Graduate student Marco Valesi is turning a scholarly lens on an emerging form of expression.
He searches cities for art that appears without the approval of authorities. Few scholars across the globe document and interpret this kind of unsanctioned work, termed “urban art.”
UC Merced’s World Cultures graduate group lets Valesi focus his study in a way that might be difficult at more traditional schools.
“I write about hybrid culture, post-colonial society and trans-modern cultures,” Valesi said. “All of these topics are very UC Merced — they bring together diverse subjects and different professors and disciplines.”
UC Merced’s School of Social Sciences, Humanities and Arts places a wide range of faculty under a single umbrella. For Valesi and his dissertation committee, this is a plus.
“The World Cultures program is as unique as it sounds,” said literature Professor Ignacio López-Calvo, Valesi’s dissertation committee chair. “Marco’s research is completely interdisciplinary. It’s good that he’s in a program where he can draw on experts from different fields.”
Valesi’s path to UC Merced was also diverse. A native of Parma, Italy, he worked in Spain and Mexico City before pursuing his Ph.D. on campus.
He met his wife in Barcelona, where he also earned a master’s degree in cultural studies. Alicia Ramos-Jordan, Valesi’s wife, applied to UC Merced’s graduate program in literature while the couple lived and worked in Mexico City.
Valesi followed suit, and the couple moved to Merced in 2008. After the pair moved, two children followed.
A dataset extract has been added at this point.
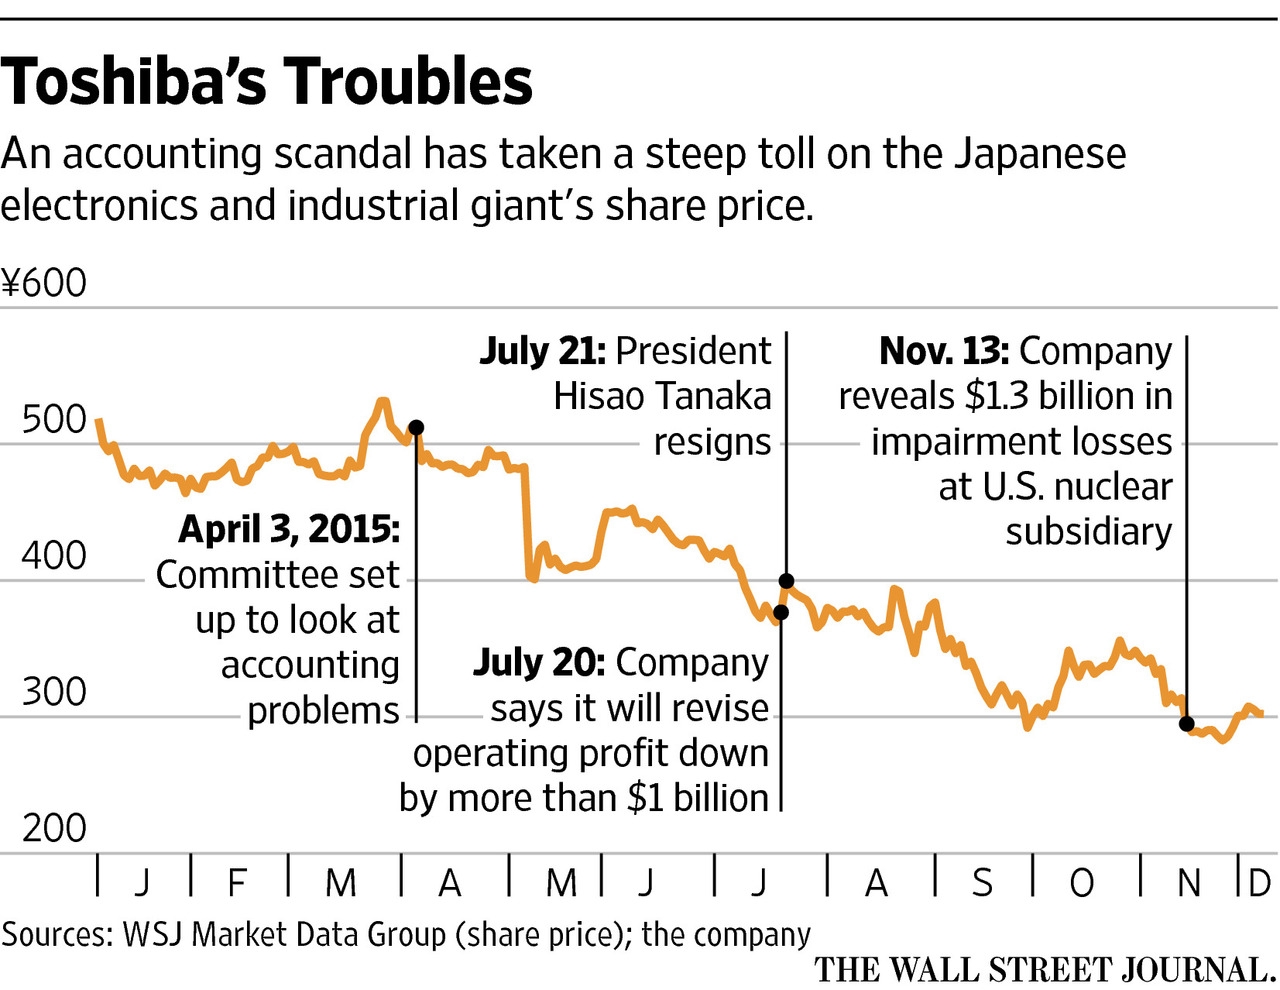 Toshiba, tượng đài nước Nhật sụp đổ vì các vụ bê bối

“It’s not easy for two graduate students to raise a family,” Valesi said. But he said that’s an area where UC Merced offers support. The campus provides day care on campus — and helped the couple find financial aid to pay for it.
“That’s pretty important, because it frees us up to work while keeping us close enough to spend time together as a family,” Valesi said.
Valesi is now on course to earn his degree by May 2013. His dissertation is combining research and photography that focuses on urban art in Brazil, Italy and San Francisco’s Mission District.
“Street art critiques … the modern city,” Valesi wrote in the introduction to his dissertation, in which he argues that urban art challenges “the dominant cultural presences” of marketing, advertising and museums.
Urban art’s profile has risen in recent years. Examples include the work of the street artist Shepard Fairey, and the U.K.-based artist known as Banksy. Urban artists work independently, without official support or authorization. Valesi seeks to place their work in context and to identify it as a global movement.
As he completes his graduate studies, Valesi’s home and support network is at UC Merced. The campus is an intimate community that is satisfying to both Valesi and to Lopez-Calvo.
“I go to Marco’s children’s birthday parties,” López-Calvo said. “That’s the kind of relationship that’s unique to UC Merced. Here, you can have the kind of direct contact with students that you wouldn’t get at other UCs or big universities.”